Neurosci Lett. 2011 Oct 17;504(1):13-7. doi: 10.1016/j.neulet.2011.08.028. Epub 2011 Aug 24.
In addition to blocking dopamine (DA) uptake, cocaine also causes an unconditioned increase in DA release. In drug naive rats, this effect is most robust within the nucleus accumbens (NAc) shell. Recent studies have shown that, in rats trained to self-administer cocaine, cocaine may act in the periphery to enhance mesolimbic DA release. Further, these studies have suggested that peripheral cocaine action may also enhance unconditioned DA release. Here, we test if it is necessary for cocaine to enter the brain to evoke unconditioned increases in DA release within the NAc shell. Administration of a cocaine analogue that crosses the blood brain barrier (cocaine HCl) enhances electrically evoked DA release and the number of cocaine-evoked phasic DA release events (i.e., DA transients) within the NAc shell. However, administration of a cocaine analogue that does not cross the blood brain barrier (cocaine MI) does not alter either measure. We therefore conclude that cocaine must act within the central nervous system to evoke unconditioned DA release within the NAc shell.
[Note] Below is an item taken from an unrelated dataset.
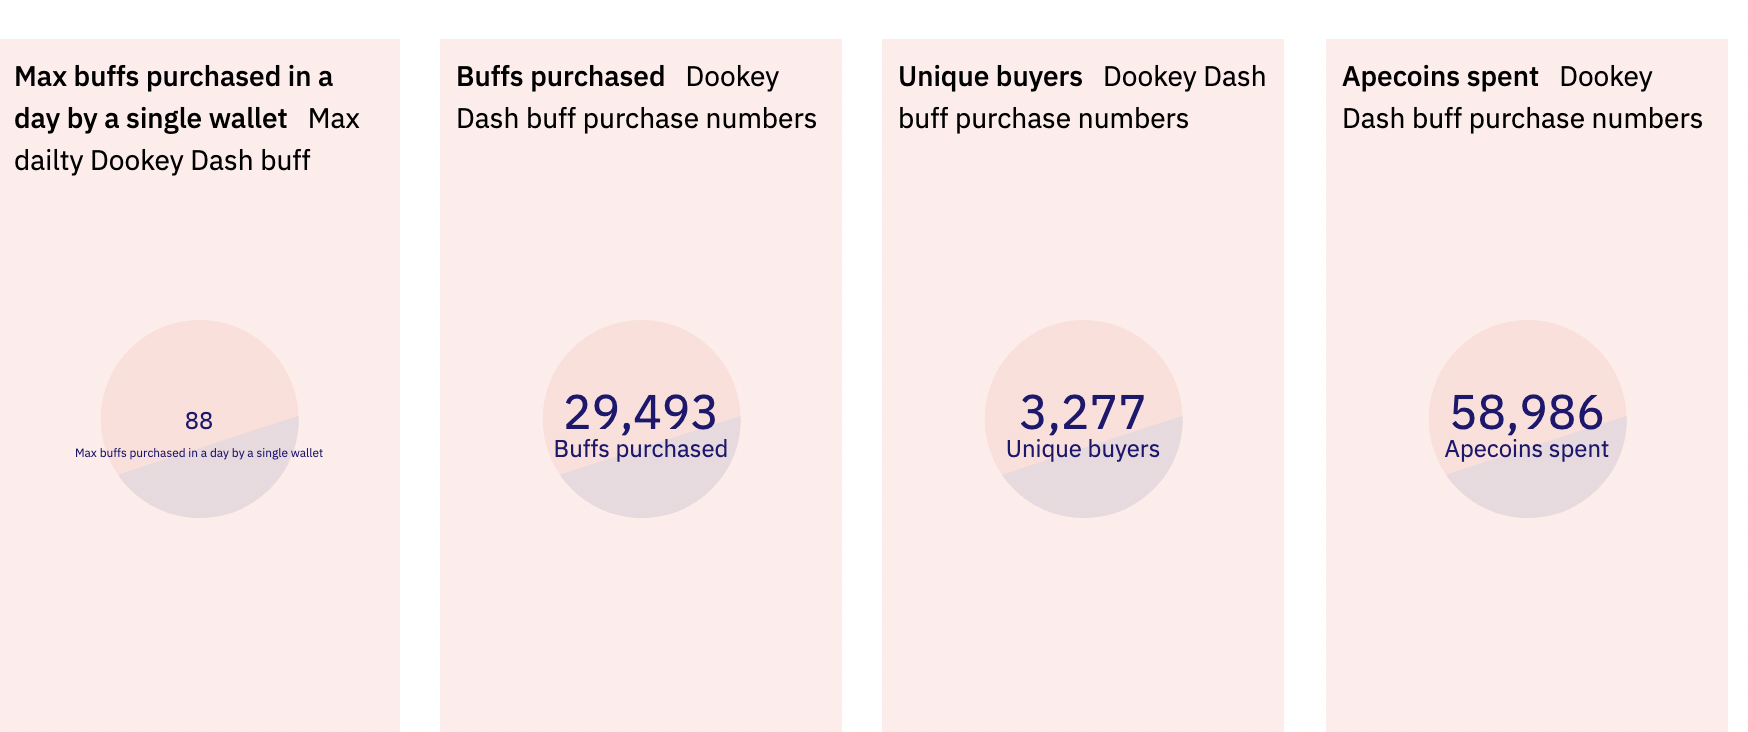 BAYC铸造型游戏Dookey Dash上线以来已获得5.8万枚APE收入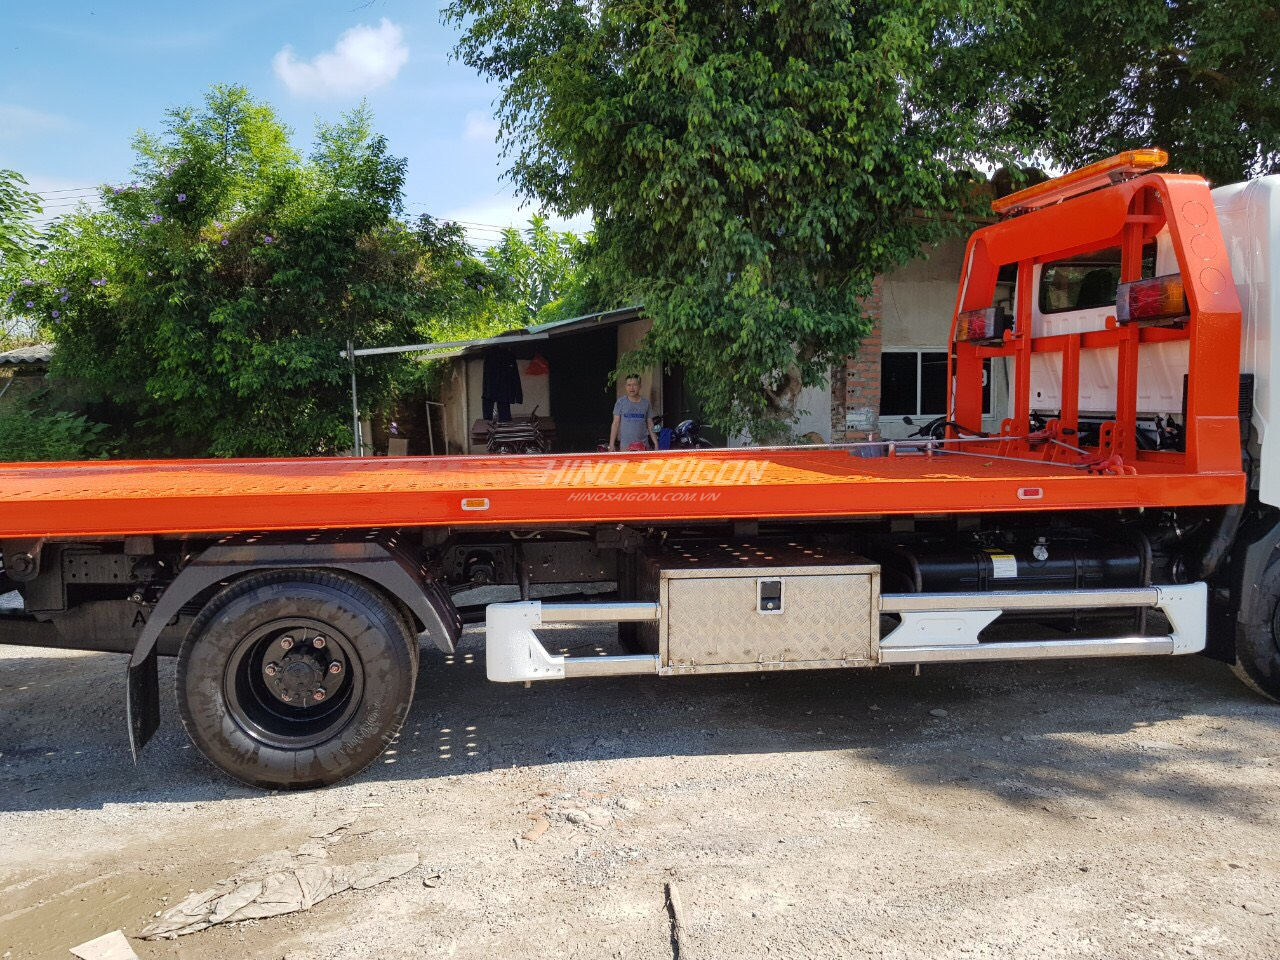 Hino XZU730L cứu hộ kéo chở xe tải trọng 3 tấn

除了阻断多巴胺(DA)摄取外,可卡因还会引起未条件反射的 DA 释放增加。在未接受药物处理的大鼠中,这种作用在伏隔核(NAc)壳内最为明显。最近的研究表明,在接受可卡因自我给药训练的大鼠中,可卡因可能在外周发挥作用,增强中脑边缘 DA 释放。此外,这些研究还表明,外周可卡因作用也可能增强未条件反射的 DA 释放。在这里,我们测试可卡因是否必须进入大脑才能在 NAc 壳内引起未条件反射的 DA 释放增加。给予可穿过血脑屏障的可卡因类似物(盐酸可卡因)可增强电刺激诱发的 DA 释放,以及 NAc 壳内可卡因诱发的相位性 DA 释放事件(即 DA 瞬变)的数量。然而,给予不可穿过血脑屏障的可卡因类似物(可卡因 MI)则不会改变这两种测量值。因此,我们得出结论,可卡因必须在中枢神经系统内发挥作用,才能在 NAc 壳内引起未条件反射的 DA 释放。